DATASET
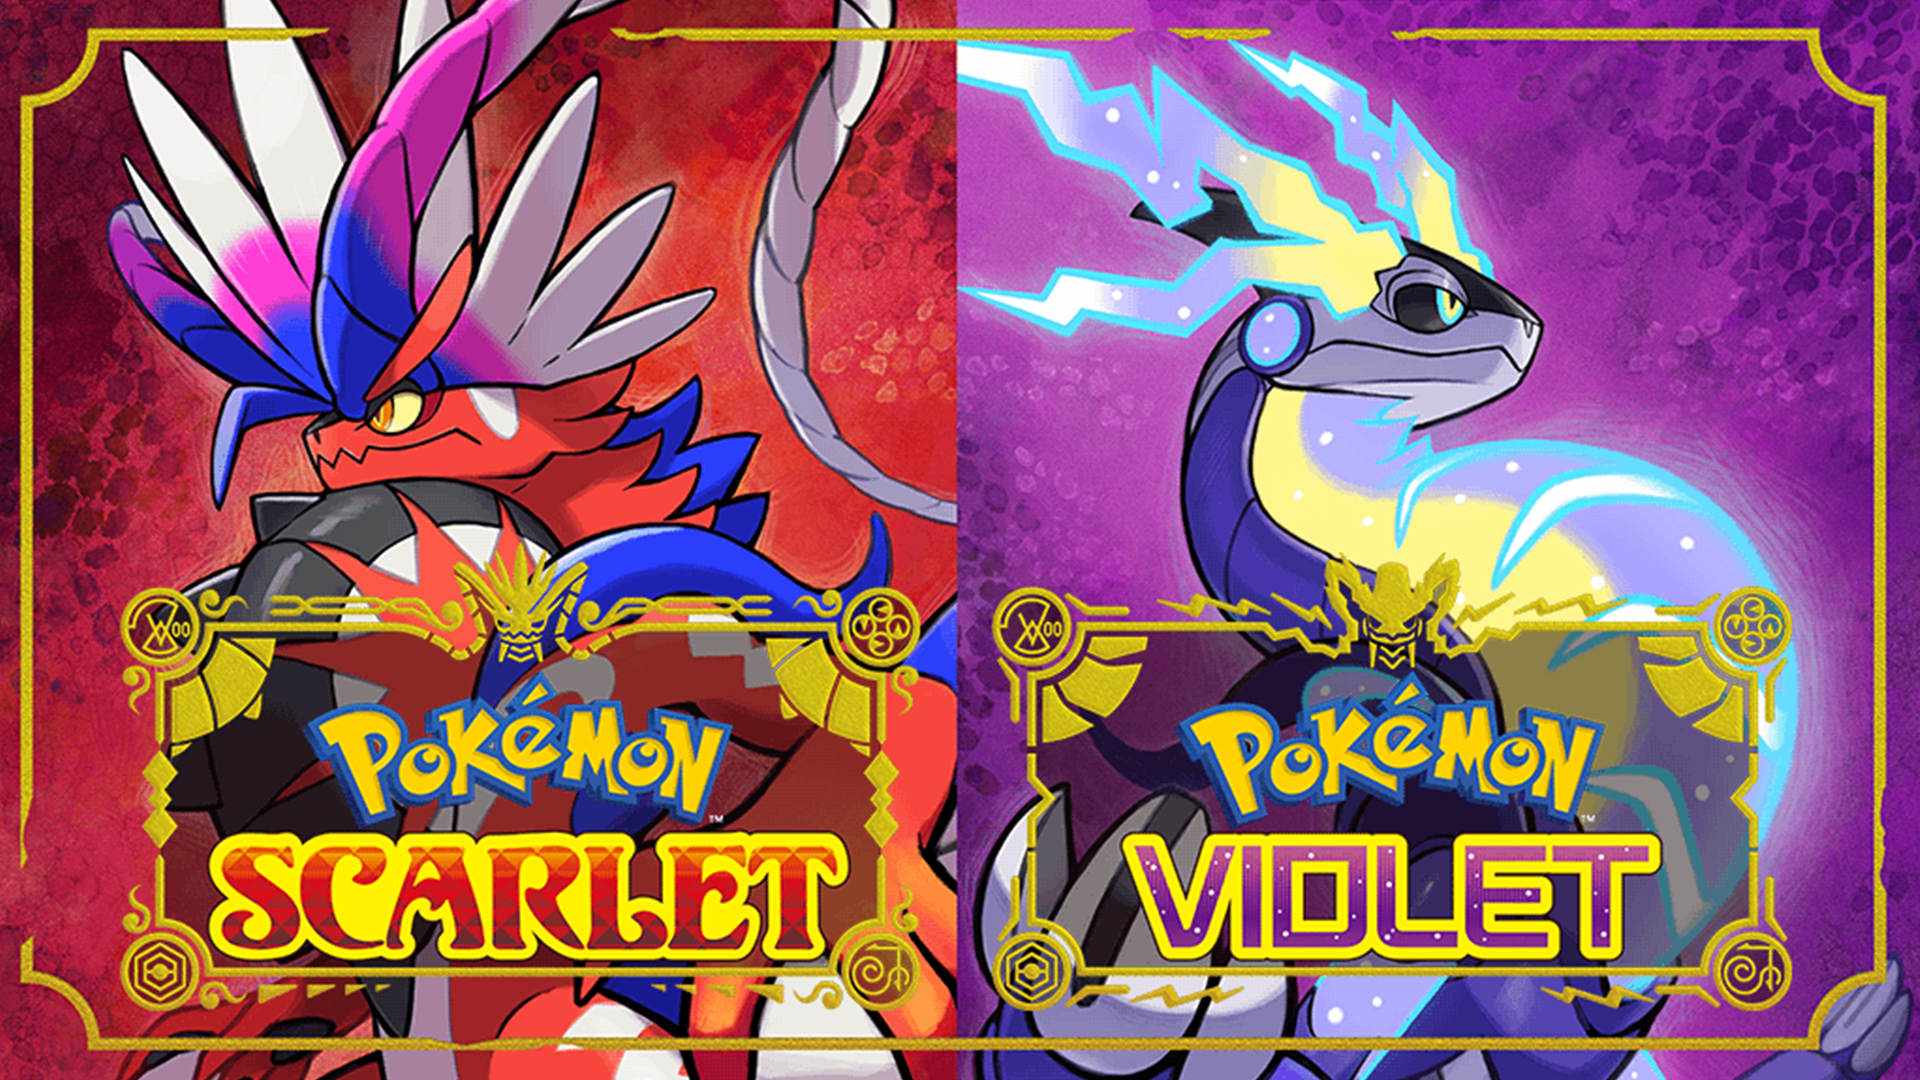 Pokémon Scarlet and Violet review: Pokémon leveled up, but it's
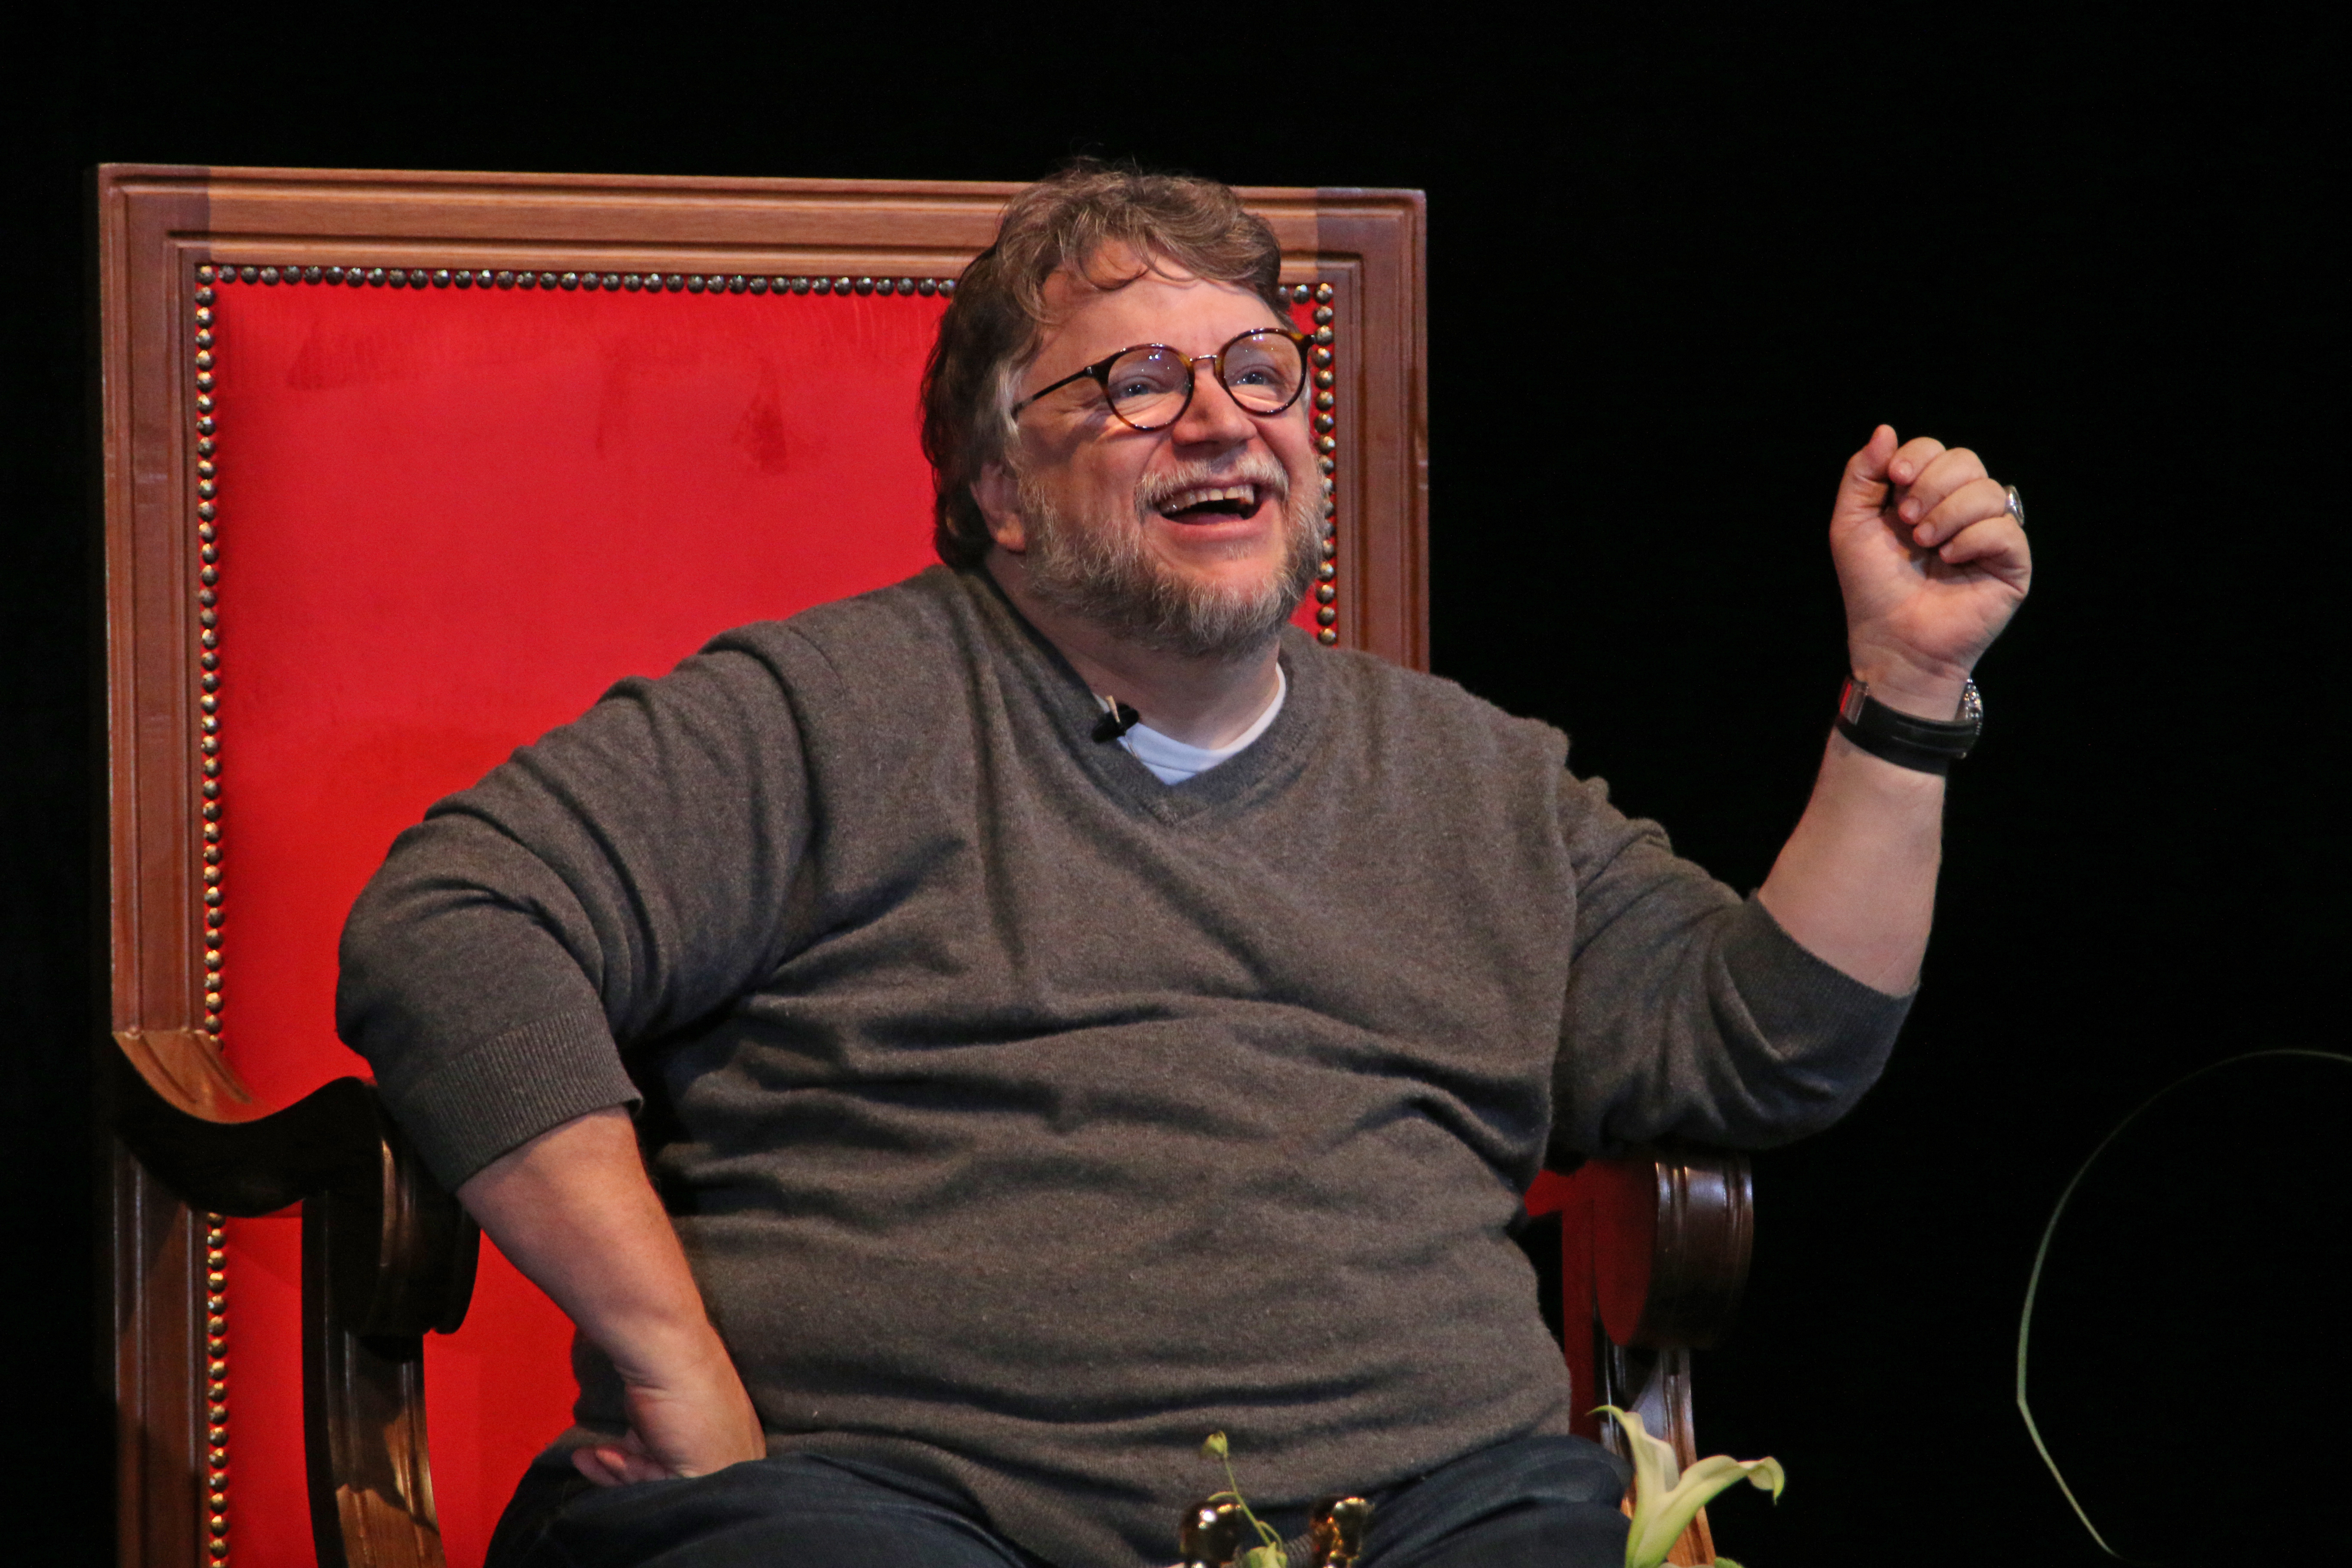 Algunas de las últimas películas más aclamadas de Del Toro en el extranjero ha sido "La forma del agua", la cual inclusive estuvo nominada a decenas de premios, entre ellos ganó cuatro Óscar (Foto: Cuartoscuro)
* * *
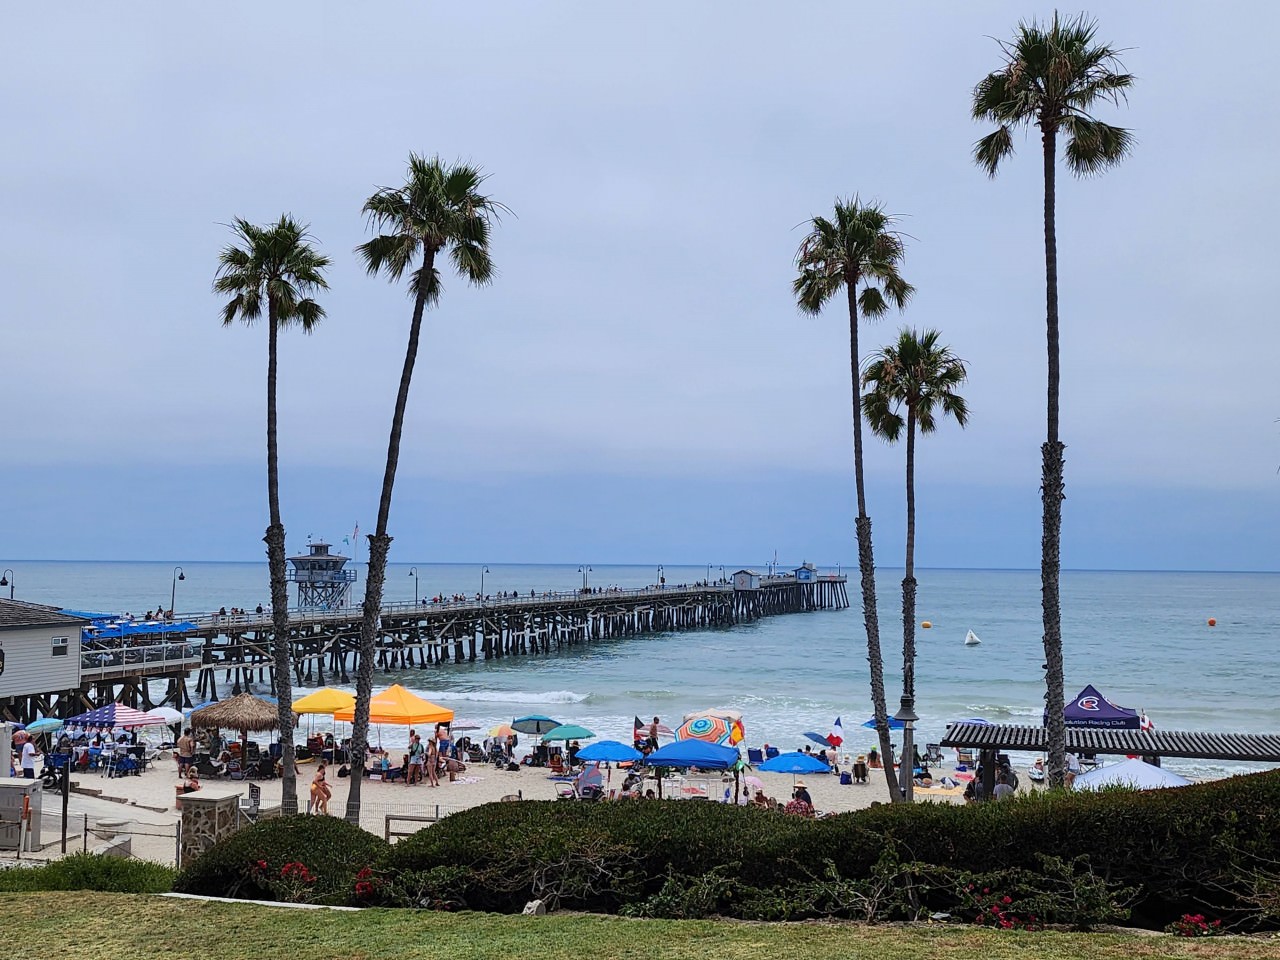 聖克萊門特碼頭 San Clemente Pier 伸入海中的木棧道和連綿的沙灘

EXERCISE DETAILS
Could the stretch from the line with "Pokémon Scarlet and" through the line with "Algunas de las" in the listing above be restated word for word, minus the pictures?

SOLVED PROBLEM
 Pokémon Scarlet and Violet review: Pokémon leveled up, but it's
 Algunas de las últimas películas más aclamadas de Del Toro en el extranjero ha sido "La forma del agua", la cual inclusive estuvo nominada a decenas de premios, entre ellos ganó cuatro Óscar (Foto: Cuartoscuro)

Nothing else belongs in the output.